Inês de Oportulo de Bernardo narra o mesmo episódio, mas quando relata que sua irmã bate com o pé em Clara, acrescenta: E que nossa mãe se alegrou com isso. Outra imagem pascal de Cristo, aliás a mais abertamente pascal dos escritos de Clara, é a do Cordeiro. O título de Cordeiro dado a Jesus aparece na quarta carta a Inês e é justamente sugerido pelo nome Inês. A abertura da carta joga com esta relação de palavras. O Senhor Jesus Cristo é proclamado Rei e Esposo de Inês, a quem Clara dirige a sua cordial saudação e a esperança de poder cantar um novo cântico, na companhia das outras virgens santíssimas, diante do trono de Deus e do Cordeiro e acompanhar (seguir) o Cordeiro onde quer que ele vá.

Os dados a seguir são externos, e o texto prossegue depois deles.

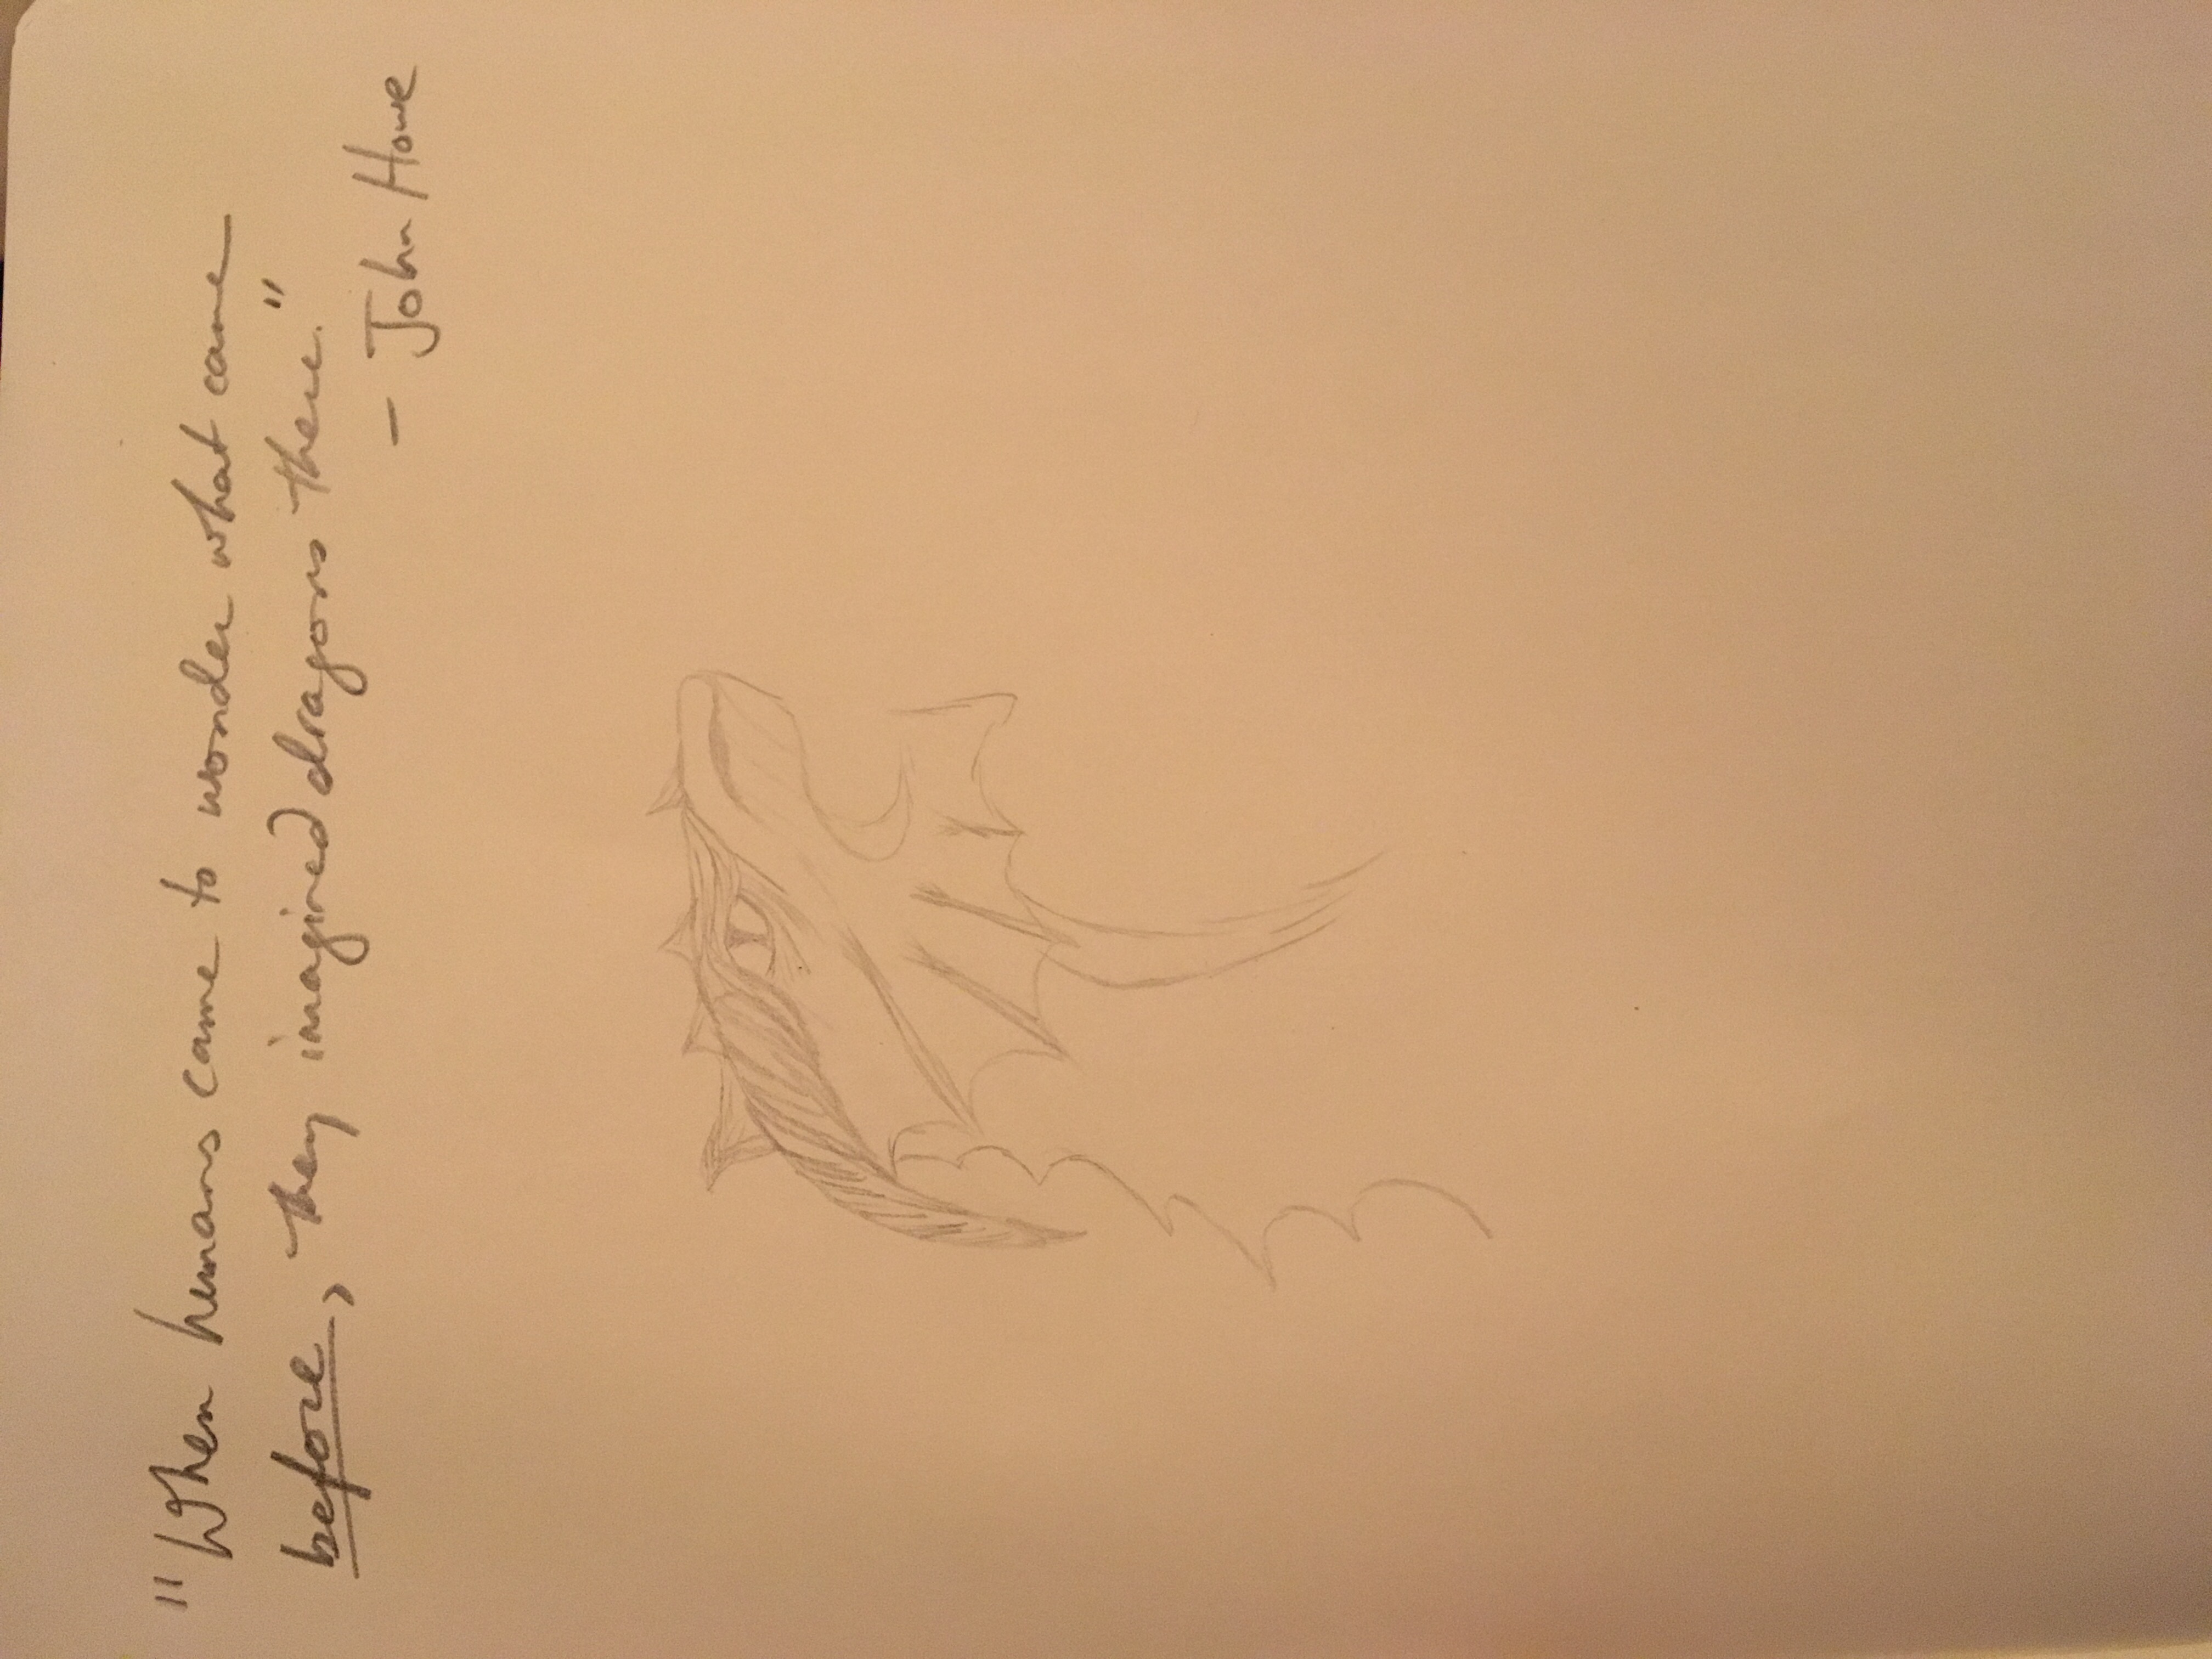 Sketch of a fierce dragon in pencil hand, half complete

Evidentemente aqui Clara refere-se ao Apocalipse, onde o Cordeiro, imolado mas em pé, é simultaneamente símbolo do Cristo vitorioso e do Cristo sacrificado. Isto é, representa Cristo glorioso em sua imolação. O seguimento de Cristo pobre, que foi a prioridade absoluta da vida de Clara, continua no seguimento do Cordeiro no reino dos bem-aventurados. Isto também significa que seguir Jesus não é experimentado como um meio de salvação, mas como uma fonte de felicidade. Por fim, uma última imagem que pode nos ajudar a entrar no pensamento e na vida pascal de Clara. Na primeira carta encontramos uma parábola interessante, apologia de um único verso que ela não inventou, mas que está enraizado numa tradição iniciada por São Jerônimo. Apesar da sua brevidade, parece-me que esta frase pode refratar os sentimentos de Clara em dois lados: o do cristão e o de Cristo. Estamos no epílogo da carta e Clara derrama-se no louvor da pobreza, bem-aventurada, santa e piedosa, abraçada pelo Filho de Deus antes de tudo. No versículo 27, Clara oferece a Inês esta reflexão: Um homem coberto de roupas não pode esperar lutar com outro nu, porque quem segura seu oponente é mais rapidamente jogado no chão. Sem dúvida, a primeira e imediata aplicação é ao cristão. Para Clara a parábola tem a finalidade de apoiar o propósito de Inês e confirmar a sua necessidade de ser pobre, isto é, nua, para poder lutar com sucesso. Na verdade, a carta continua assim: Portanto, vocês jogaram fora suas vestes supérfluas, isto é, suas riquezas terrenas, para não sucumbirem nem mesmo em um momento da luta e poderem entrar no reino dos céus pelo estreito caminho e a porta estreita.